Tech Mahindra Share Price Target at Rs 1,850: Kotak Securities

Tech Mahindra Share Price Target at Rs 1,850: Kotak Securities

Tech Mahindra (NSE: TECHM) emerges as a compelling rebound story in India's IT sector, according to Kotak Institutional Equities' June 12, 2025 analysis. The research house maintains its BUY rating while raising the fair value target to Rs1,850 from Rs1,650, signaling 13% upside potential from current levels of Rs1,638. This bullish revision stems from operational discipline in deal pricing, systematic margin improvements through cost rationalization, and strategic AI integration across verticals. The report highlights a 49.4% YoY surge in Q4FY25 deal wins to US$798 million as evidence of accelerating momentum.

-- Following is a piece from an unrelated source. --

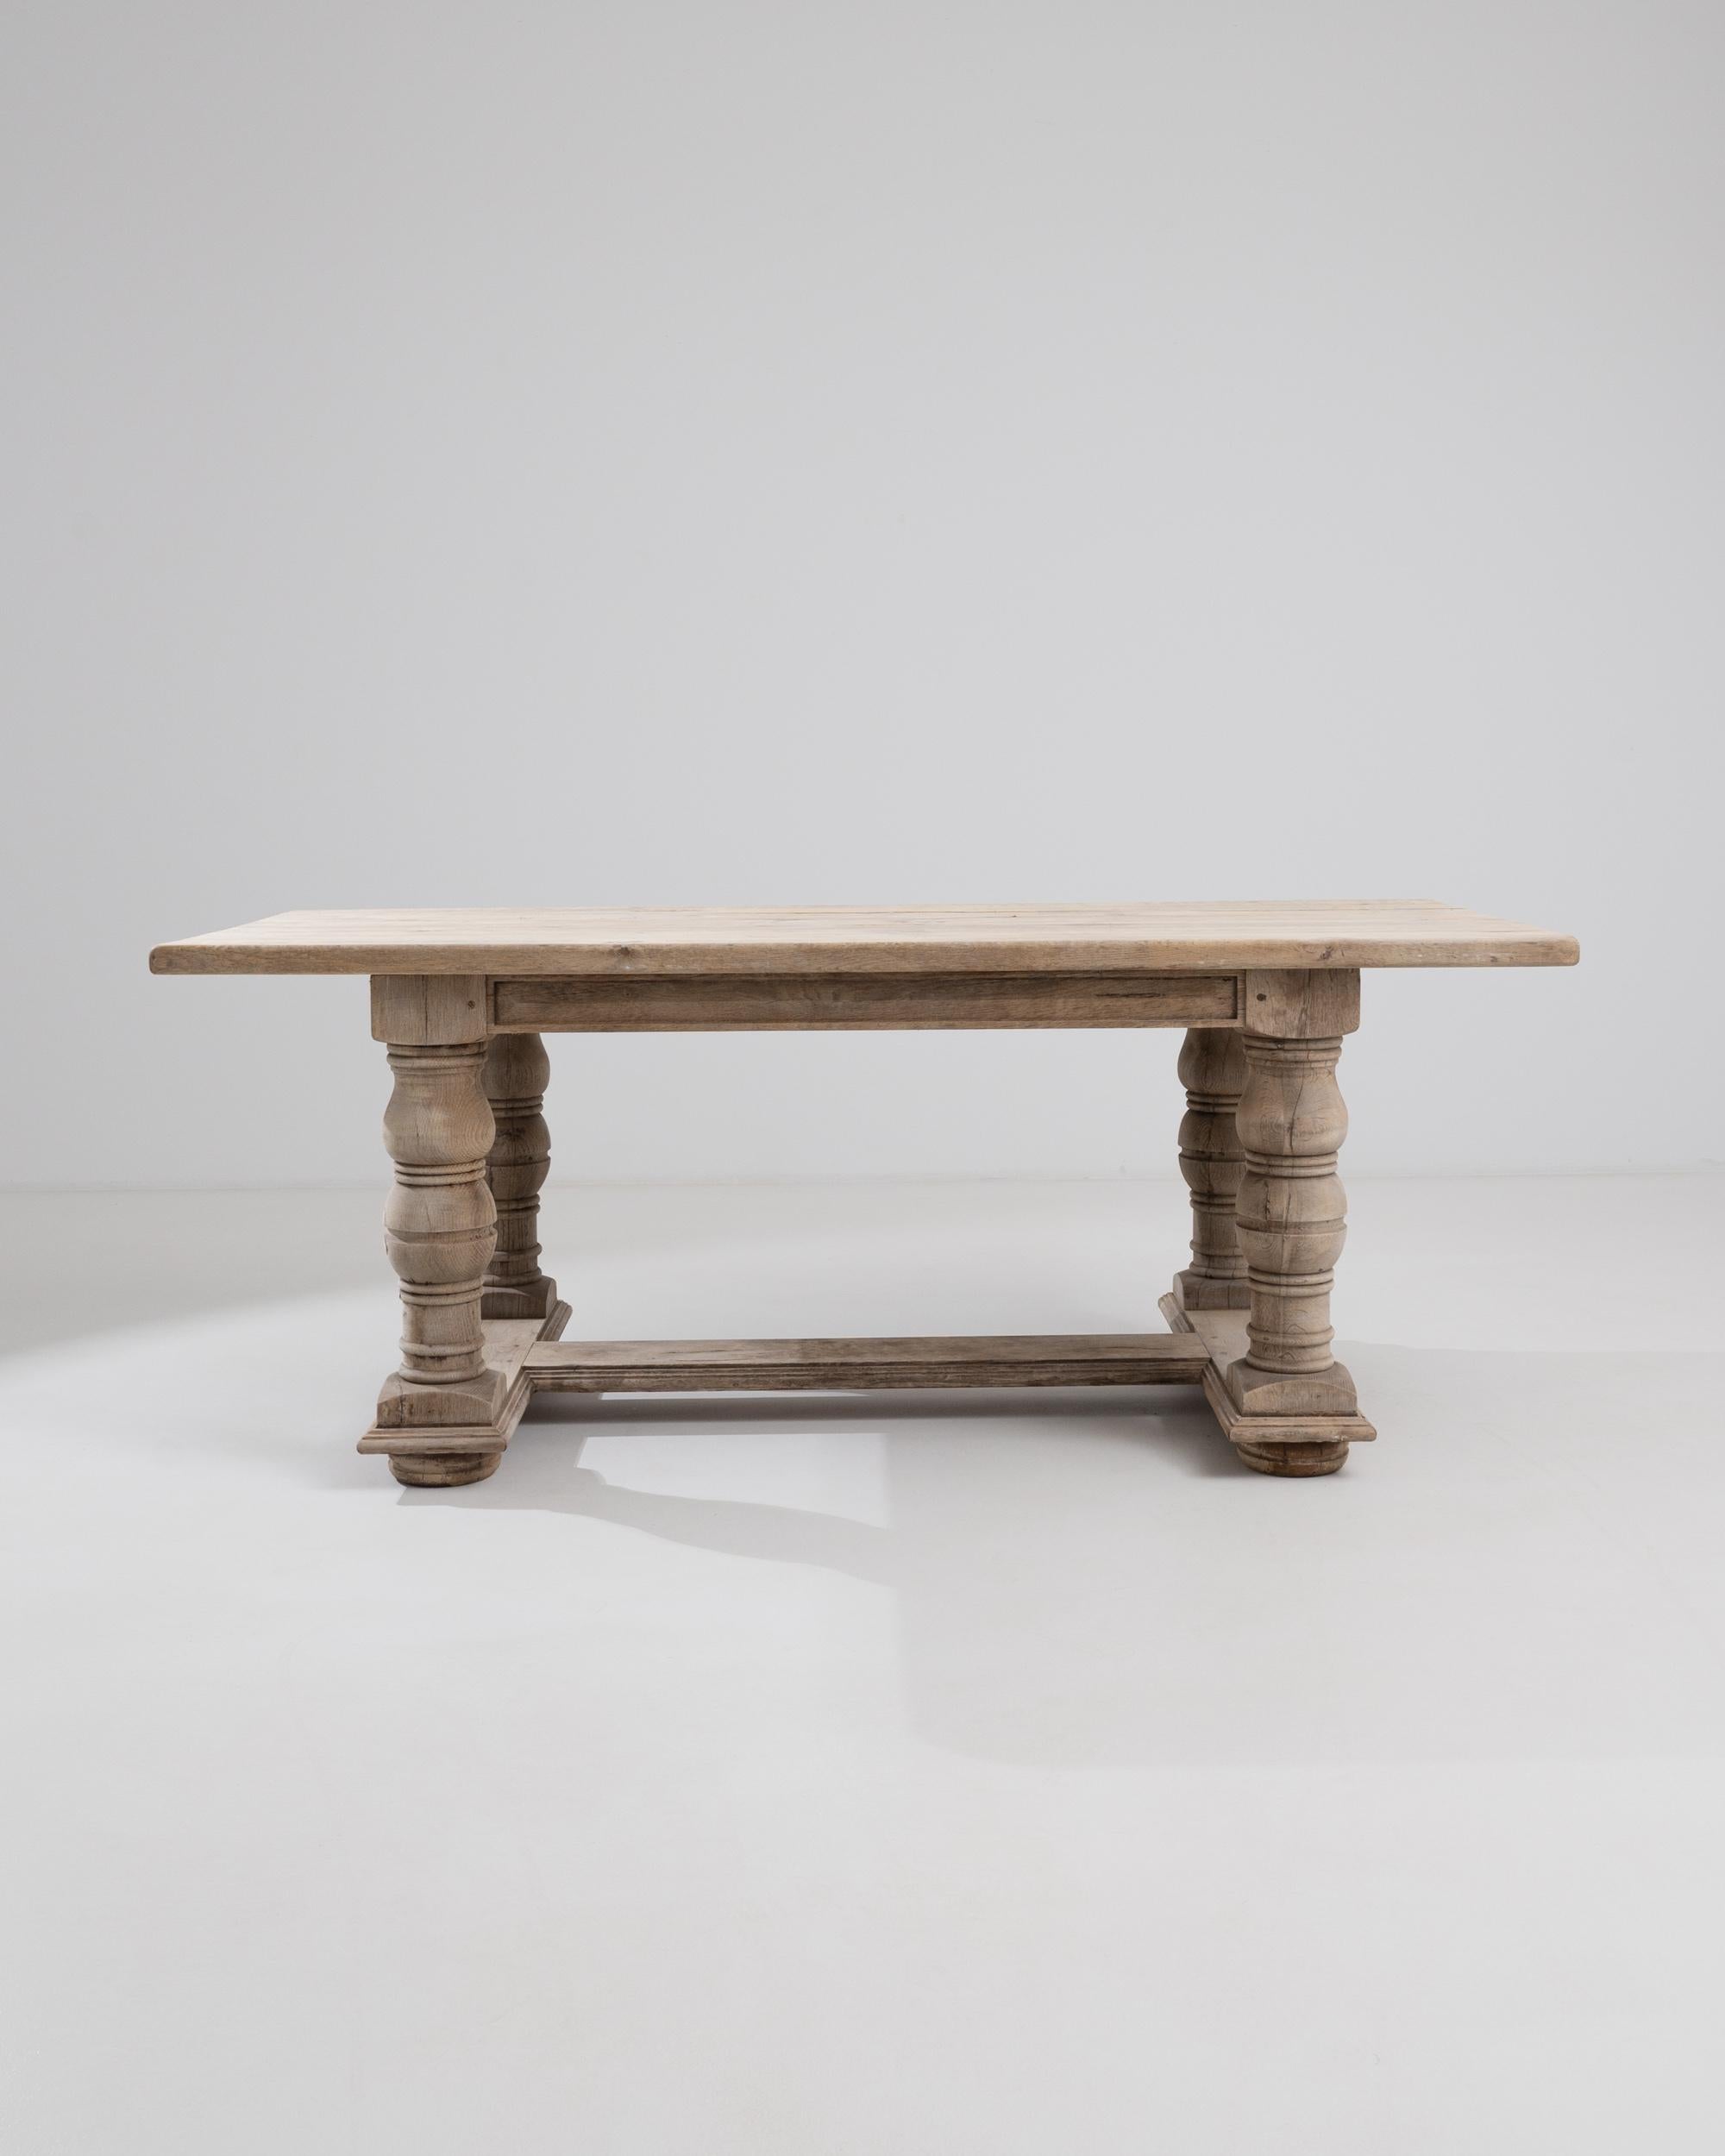 A 20th century belgian bleached oak dining table. This large trestle table is marked by regal craftsmanship: colossal legs are carved with precision, careful profiles completing the edges of each piece. Refreshed with a natural finish in our

Four-Pillar Strategy Drives Margin Expansion

Contractual Discipline: Tech Mahindra has implemented military-grade governance, requiring delivery team approvals before deal signings. A centralized contract management unit now escalates pricing disputes directly to C-suite executives, preventing margin-dilutive agreements.
Portfolio Pruning: The COO's office maintains a watchlist of underperforming contracts across 18% of the portfolio. Management reports converting 40% of these problematic engagements into profitable operations through renegotiations or structured exits.

Pricing Power Activation: After benchmarking against global peers, the firm enforced contractual escalation clauses to secure 5-7% rate hikes on legacy contracts. This initiative contributed 150 basis points to FY25 EBIT margins.

AI-Driven Efficiency: The "Agentic AI" platform reduced manual testing efforts by 35% in communication verticals while maintaining 98.6% accuracy through human-in-loop validation systems.

Financial Reengineering Creates Valuation Catalysts

Kotak's revised discounted cash flow model incorporates three key drivers:

Metric FY25 FY26E FY27E
Revenue Growth -0.2% 0.8% 6.9%
EBIT Margin 9.7% 12.6% 15.1%
ROE 15.8% 19.1% 23.8%

The analysis projects EPS compounding at 25% CAGR through FY27, driven by margin expansion rather than top-line growth. This justifies the upgraded target multiple of 22X forward earnings versus sector average of 18X.

Risk Matrix: What Could Derail the Thesis?

Integration Challenges: Full consolidation of Comviva and other acquired entities remains incomplete, with legacy system migrations posing 15-18 month execution risks[1].
Talent Retention: While overall attrition stabilized at 11.8%, niche skill groups in AI/ML architecture show 22% churn rates that could impact delivery capabilities.

Geopolitical Pressures: European operations contributing 25.4% of revenues face potential headwinds from proposed EU data localization laws requiring $40-50 million compliance investments.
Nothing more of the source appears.